I was downright misty eyed listening to Rick Perry's opening just now: his obscure, humble roots; his all-American-boyish heterosexual pursuit and its beaming progeny; his youthful "thrift" and industry; his love of freedom; his growing and keen awareness of American exceptionalism -- all contrasted with his pious loathing of wicked, European socialism.
Yet my eyes stopped misting and my belly started laughing as Mr. Perry moved on to a bit more specific analysis. Mostly there came from Perry some rather interesting economic history, such as that regarding President Obama's unique accumulation of debt. And looking forward, Perry declared us righteously unwilling to accept "four more years of rising taxes."
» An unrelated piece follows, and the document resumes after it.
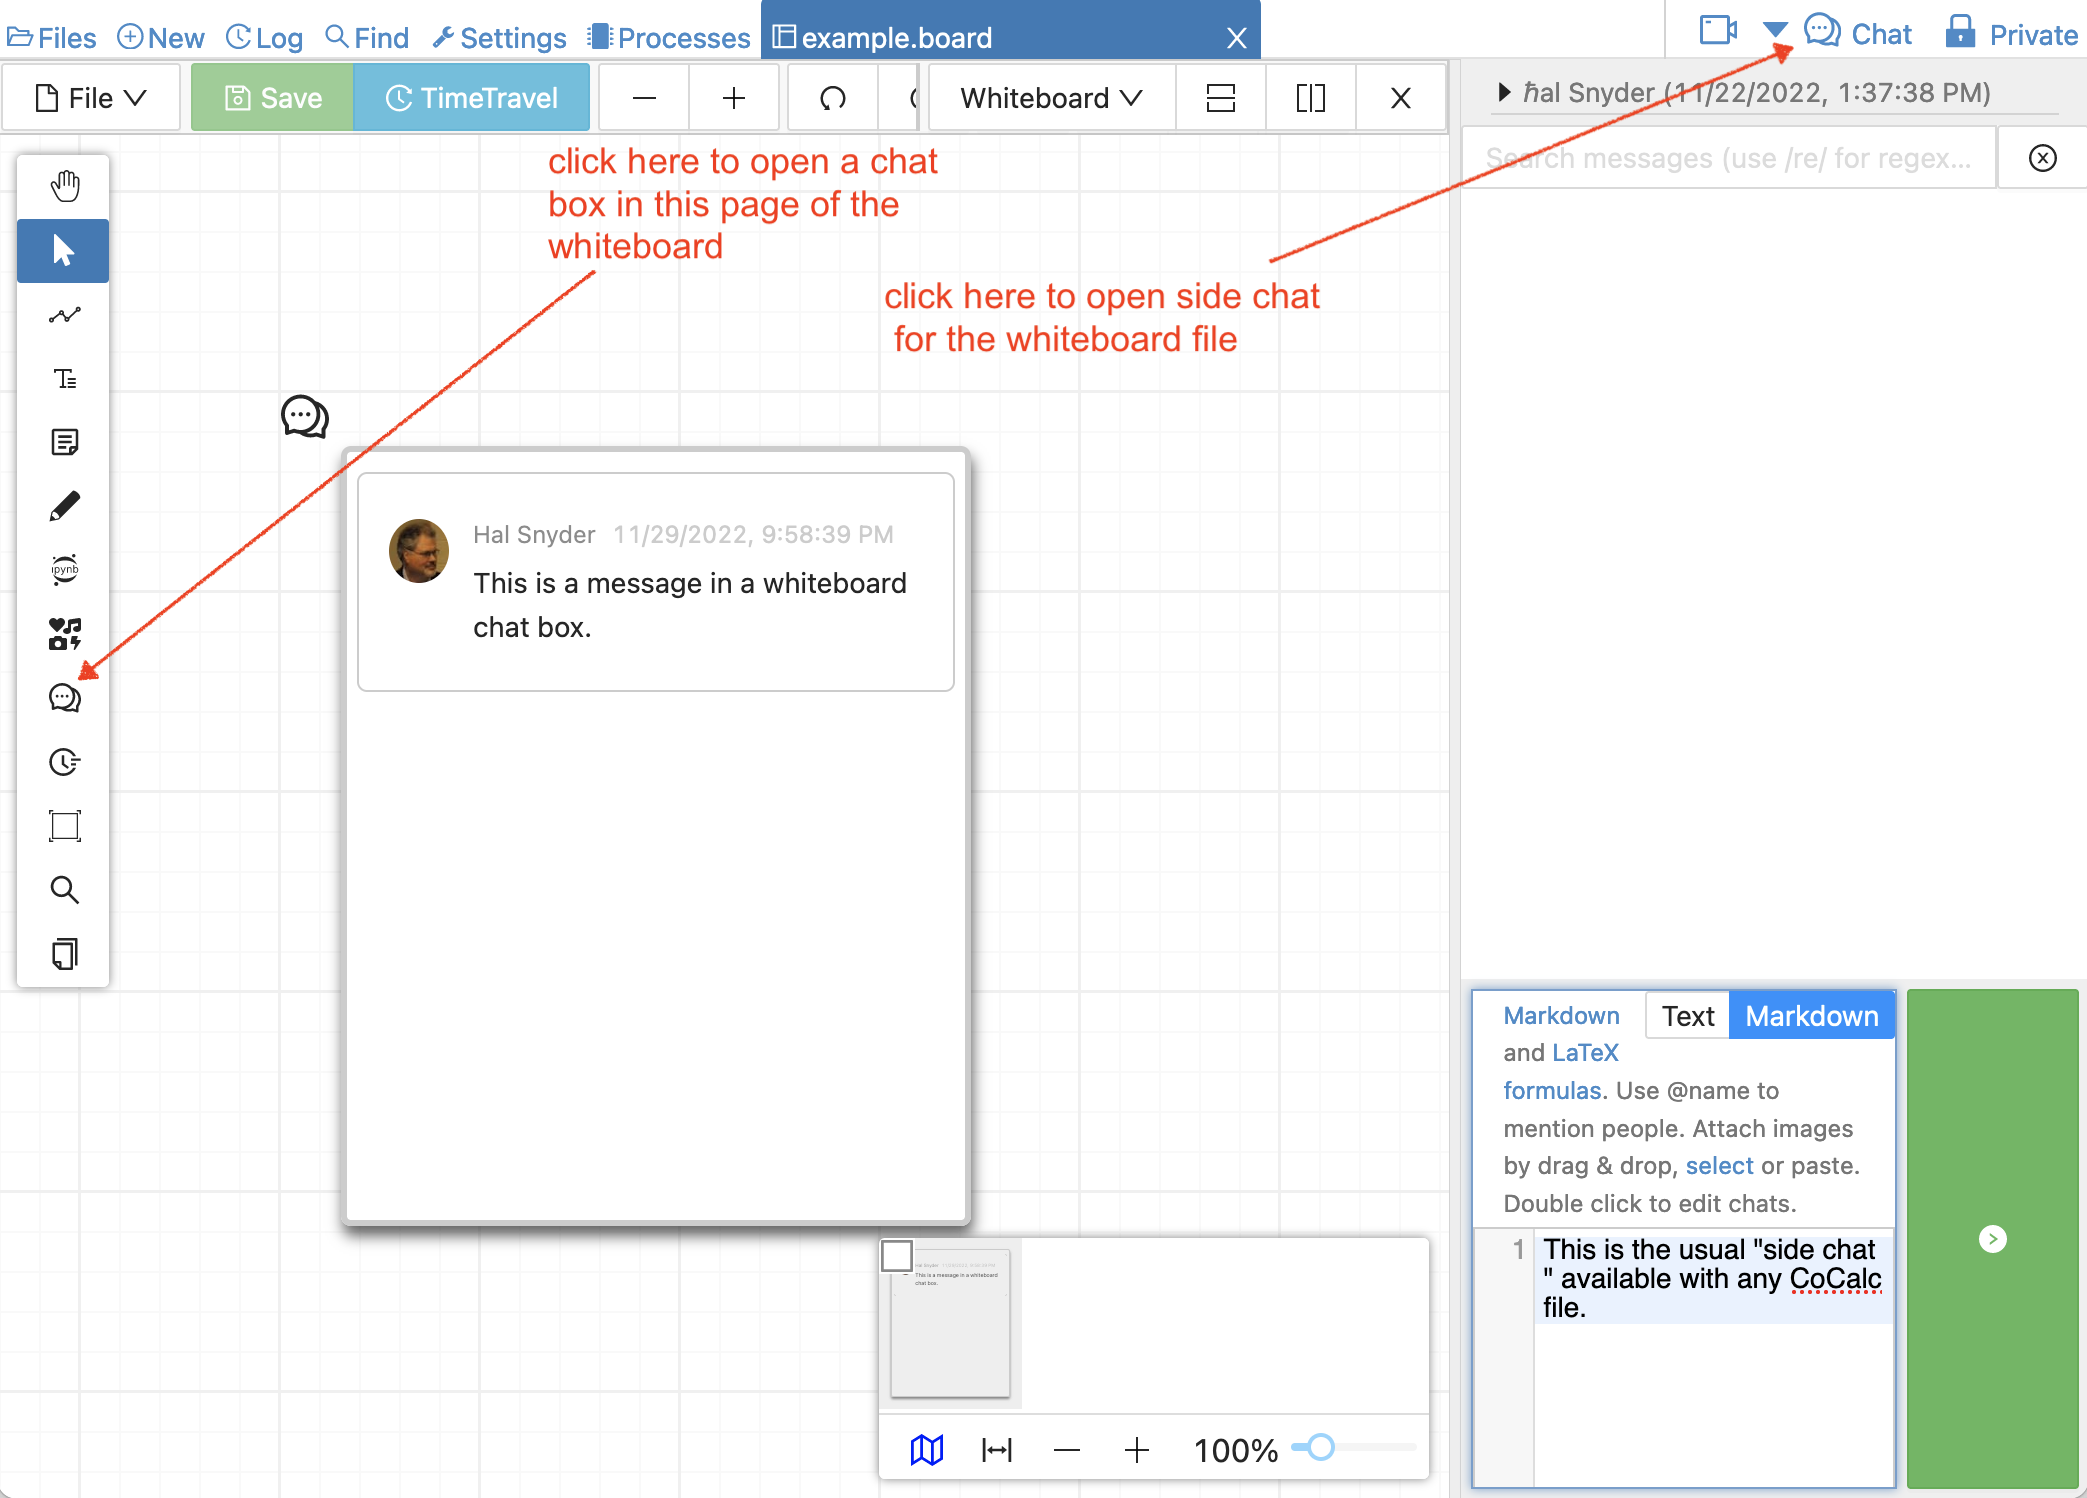 example chat box and side chat in whiteboard

Into this muddle he threw some GOP-customary, anti-labor demagoguery, and later, thinking globally -- as Rick Perry is wont to do -- he added the obligatory observation that Obama has "encouraged our enemies."
My belly laugh erupted, though, when it seemed rather clear that Perry would omit from all this his special thanks to our "spendthrift" president for having balanced Texas' budget with his sinister, European-socialist stimulus funds.
Finally, the two sane residents of my house -- the two stationed safely, sanely away from the television, that is -- must have thought me mad, mad I tell you, when my laughing volcanically launched into uproariousness as Perry broke into a downhome, poetic musing about real change being on its way from the "wind-swept prairies."
Oh, sure, from hardworking, overtaxed farms and factories, too, but that "wind-swept" jazz was what really did it for me.
Like all common folk, I often wonder if there is a God. Today, my wondering was answered, for unquestionably some much higher power with an even higher sense of humor has given unto us perhaps 15 months of this yapping circus dog.
Oh, goody! Another wing nut to further split the wing nut vote among Republicans. So looking forward to the four-way cage match of crazy between Perry, Bachmann, Santorum and Cain.
No, I didn't include Palin, because she's not running. Sarah plain and tall has figured out how to milk the most media mileage, which in turn adds up to keeping her celebrity credibility high, thus keep those dollars rolling in. Sarah's not as dumb as she appears. Ill-prepared to be a serious politician on the national stage, debatable as a competent governor, but savvy when it comes to feathering her nest.
Romney is probably relieved Perry's joined the race, because "The Texan" and Bachmann will split the far right, making his nomination that much more likely. After which, he and T-Paw will go down to defeat next November in 2012. Remember, you heard it here first from this Canadian who's addicted to American national politics.
Posted by: Lyle Richardson | August 13, 2011 at 01:42 PM
Idunno, LR... that divine sense of humor has also given us a whole buncher people who believe pretty much the same things RP believes or claims to believe, and a buncher people more who may not believe them, but may be inclined to see his totality as preferable to whatever alternatives.
So the real joke may be that this guy could win - wipe the floor with the other wingers you name, and at a minimum give Mitt a run for the money.
...and once he's on the ballot in 50 states, anything could happen...
...a nonstop uproarious clowncar ride to wackyville!
Posted by: CK MacLeod | August 13, 2011 at 02:24 PM
http://watch.pair.com/synarchy-6.html
Posted by: Anonymous | August 13, 2011 at 05:04 PM
Well, he was invited to Bilderderg this year. Just like another relatively unknown Governor of Arkansas before he became POTUS. Yup, Bill went to Bilderberg as an unknown before considering running. Think about that for a second, and you know Perry has it in the bag.
Posted by: Brad from Australia | August 13, 2011 at 05:20 PM
...yup, Bill went in '91. Sworn in Jan '93...
Posted by: Brad from Australia | August 13, 2011 at 05:22 PM
So, on 13 August 2011, America has its second Jefferson Davis emerge to challenge the Republic. All Jefferson Davis Perry has to do is be sure to convince Ms Bachmann to be his running mate and the 2nd attempt to terrorize and destroy the Republic will be underway.
I hope this isn’t something our Republic will have to experience every 150 years. I do know the outcome.
The Republic will prevail and emerge even stronger and more committed to the inalienable rights of every person.
Yes.We.Can. … DO.More.Together!
Posted by: Bobfr | August 13, 2011 at 10:50 PM
Rick Perry was the first politico spawned by Karl (turdblossum) Rove. He ran a filthy campaign against Jim Hightower for Agriculture Comm., a post with more power than Gov. in Texas. All the Gov does is sign execution orders and shoot off mouth (his or her's). The next spawn was junior Bush. The nickname turdblossum seems to suit Rove and his spawn quite appropriately.
Posted by: Rob | August 13, 2011 at 11:23 PM
Just watch and see who gets the most media attention....Perry or Romney. Then you'll know.
Posted by: holt | August 14, 2011 at 01:17 AM
God help this country if Scary Perry wins.